Try it
Please return the listing exactly as it stands, skipping any pictures.

Data excerpt
****************************************

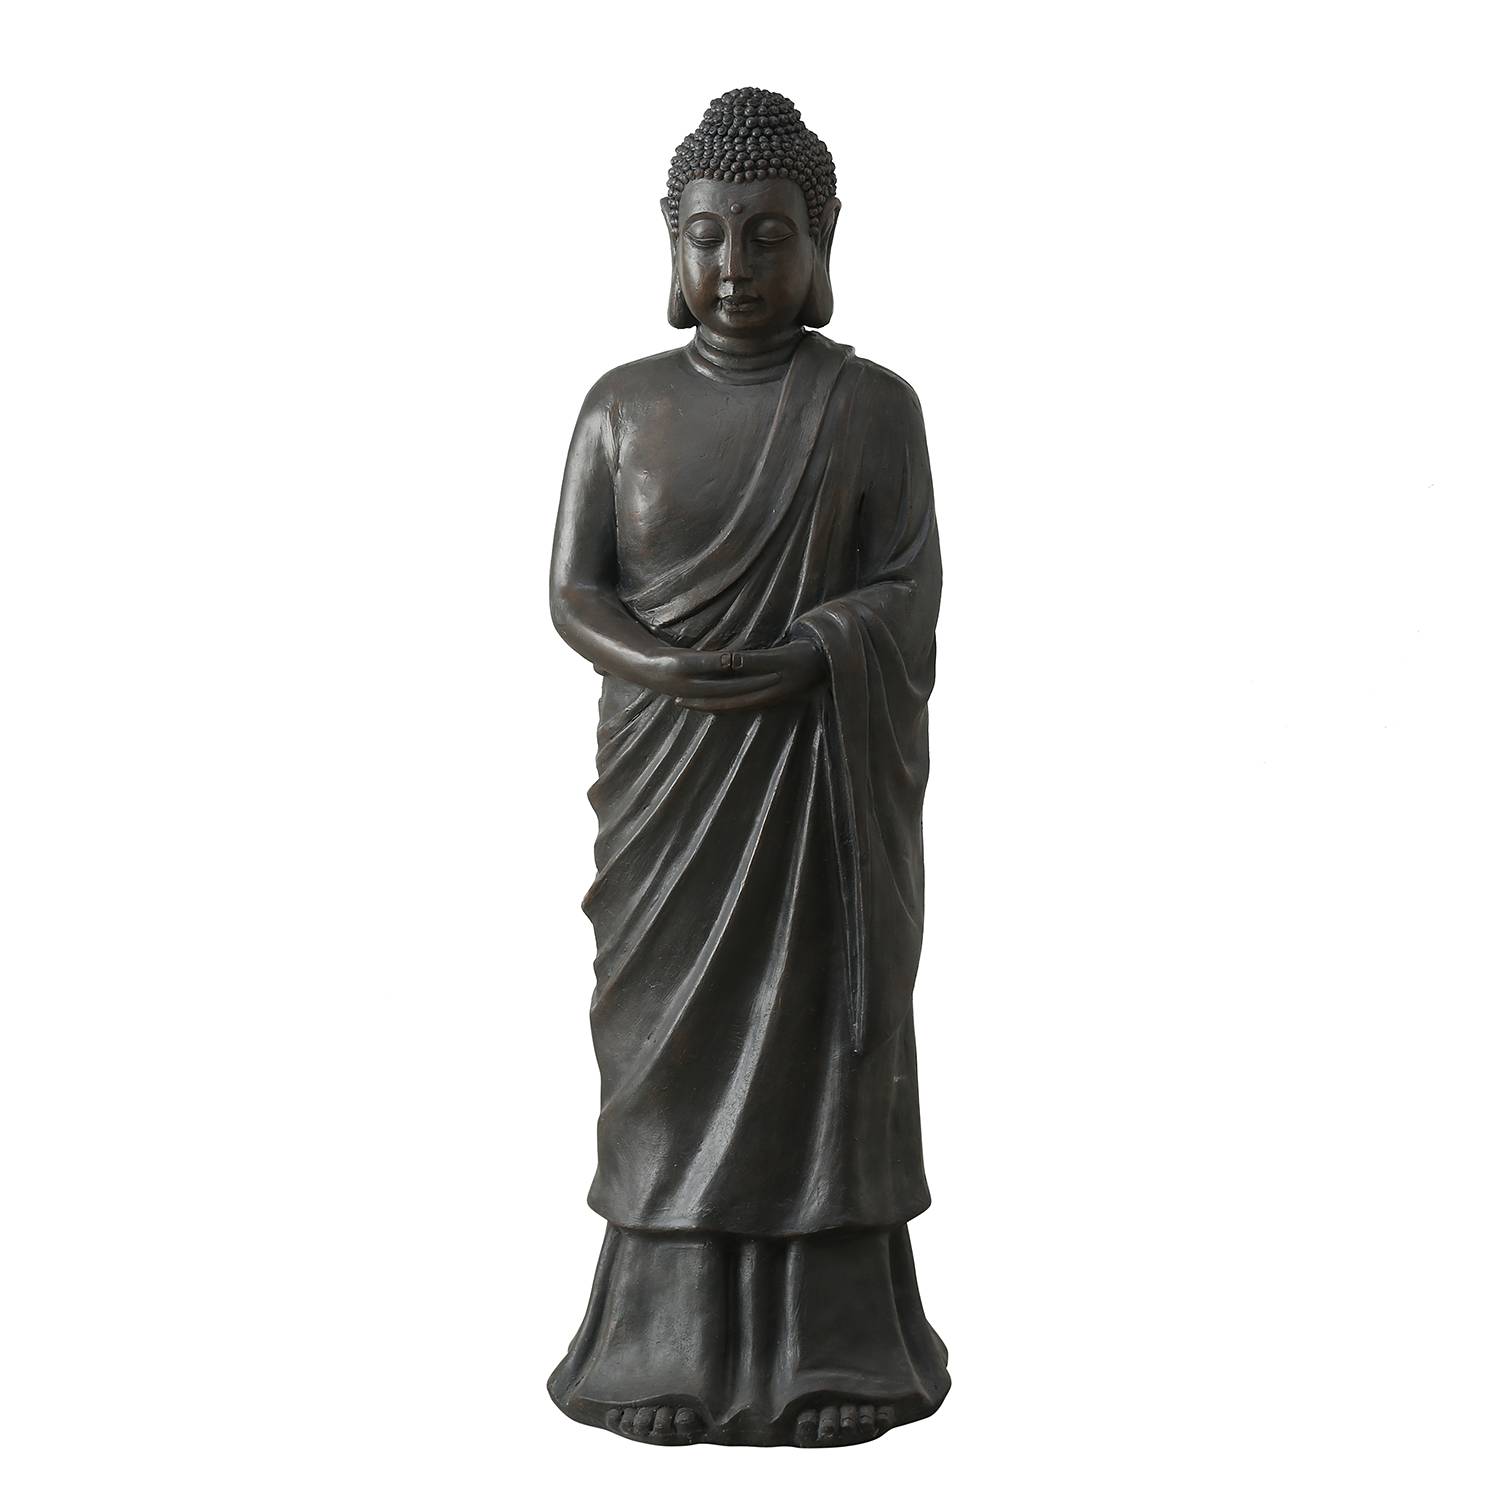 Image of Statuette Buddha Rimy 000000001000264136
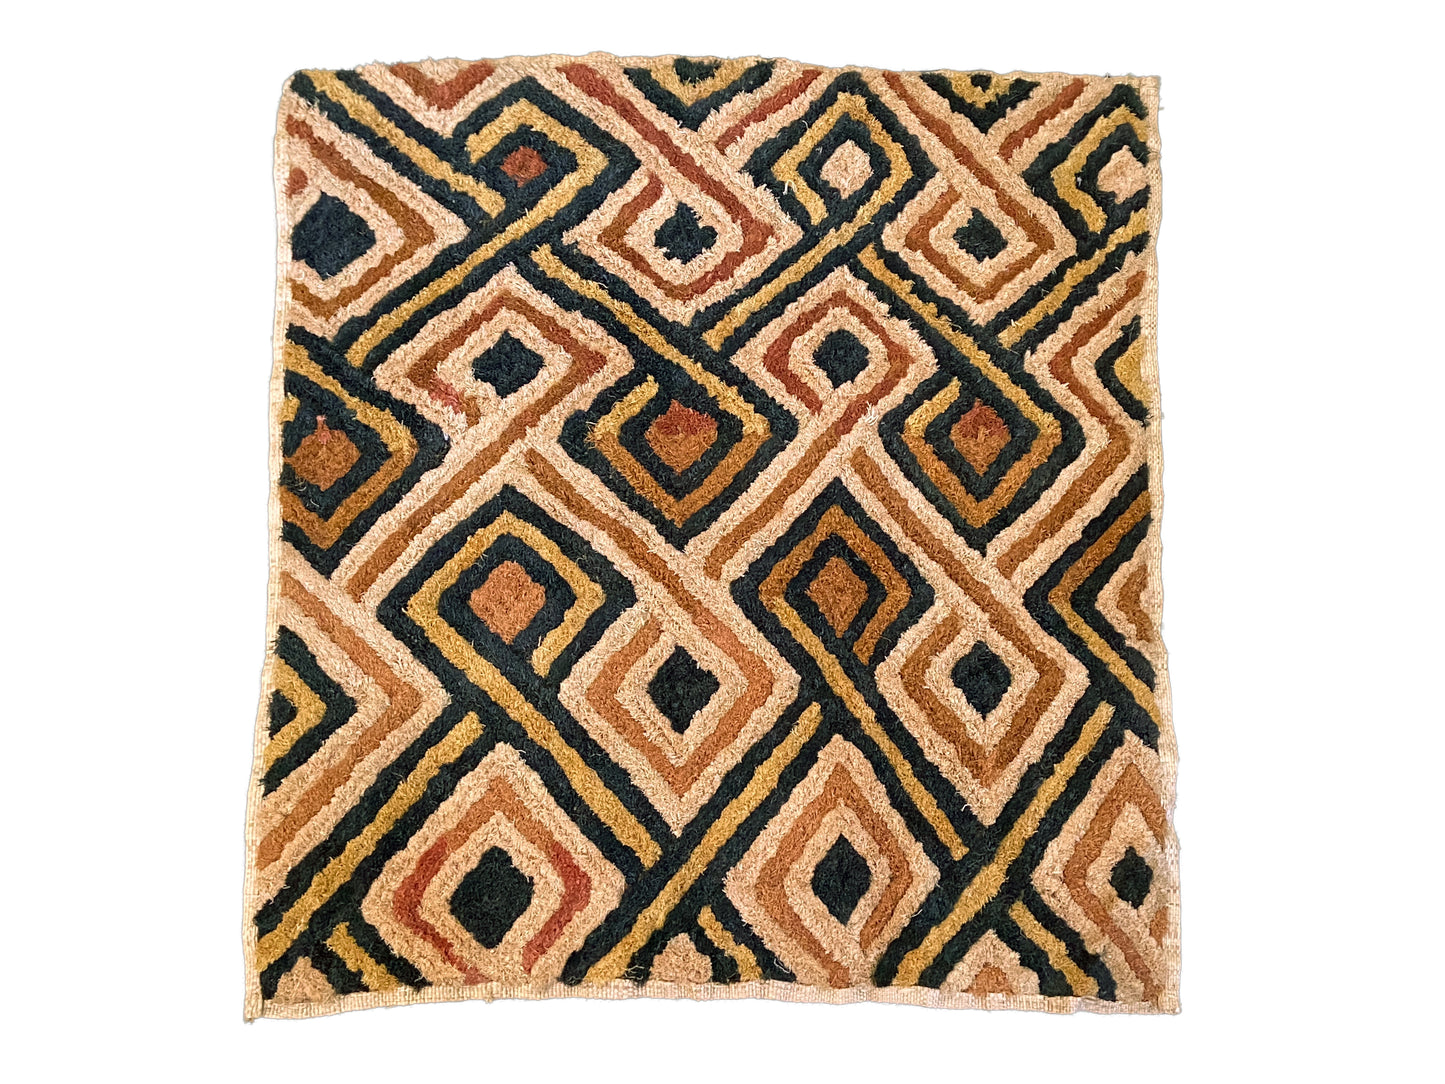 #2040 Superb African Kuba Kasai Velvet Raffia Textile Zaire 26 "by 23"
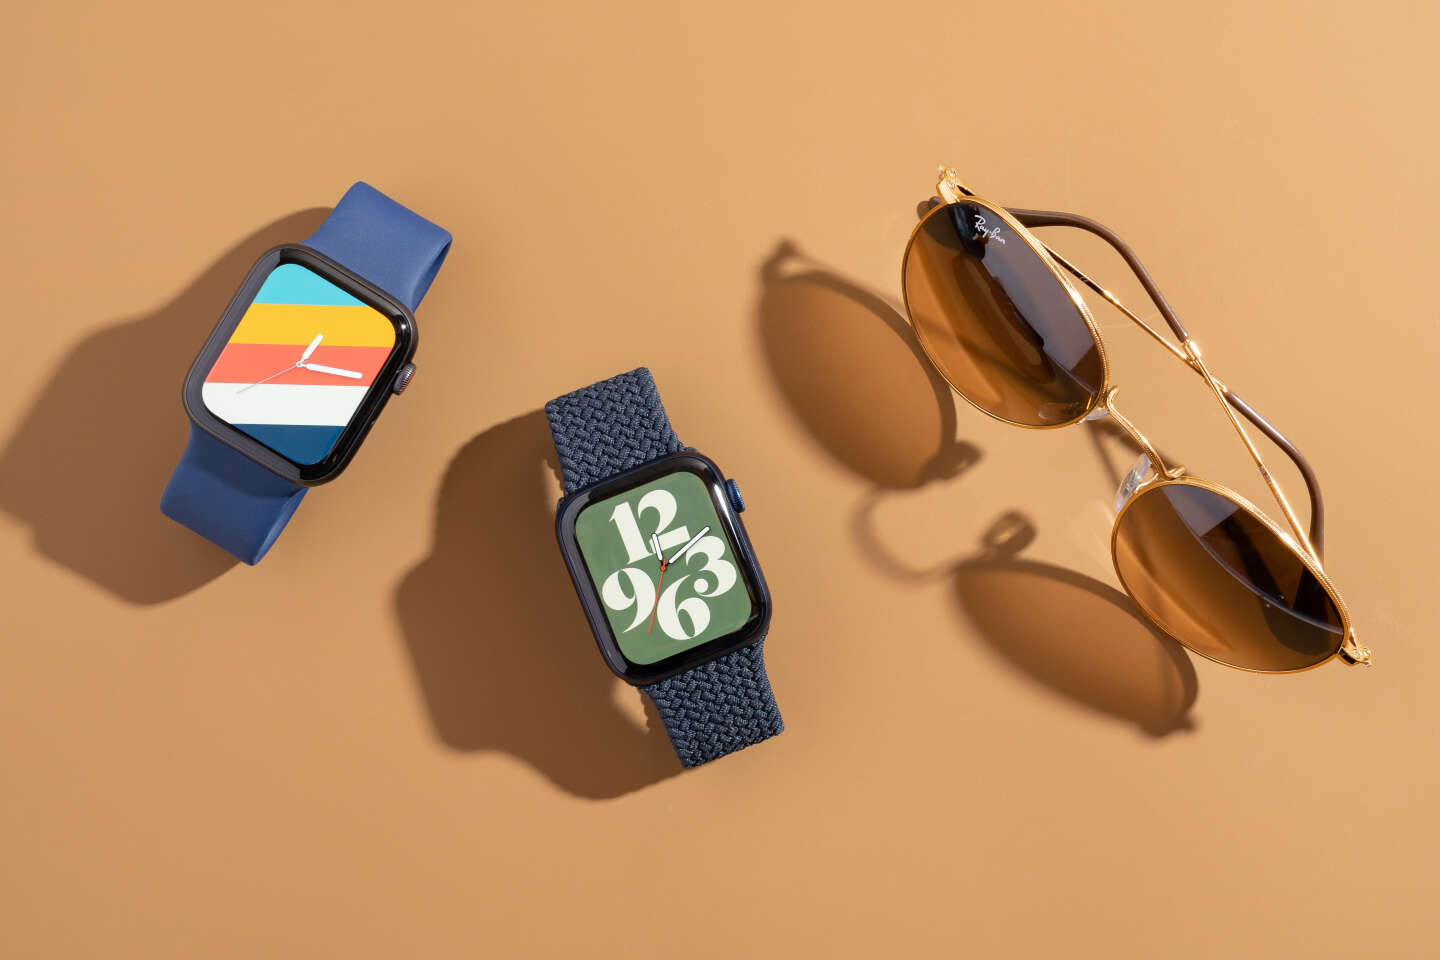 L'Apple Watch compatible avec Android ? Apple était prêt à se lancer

****************************************

Response area
 Image of Statuette Buddha Rimy 000000001000264136
 #2040 Superb African Kuba Kasai Velvet Raffia Textile Zaire 26 "by 23"
 L'Apple Watch compatible avec Android ? Apple était prêt à se lancer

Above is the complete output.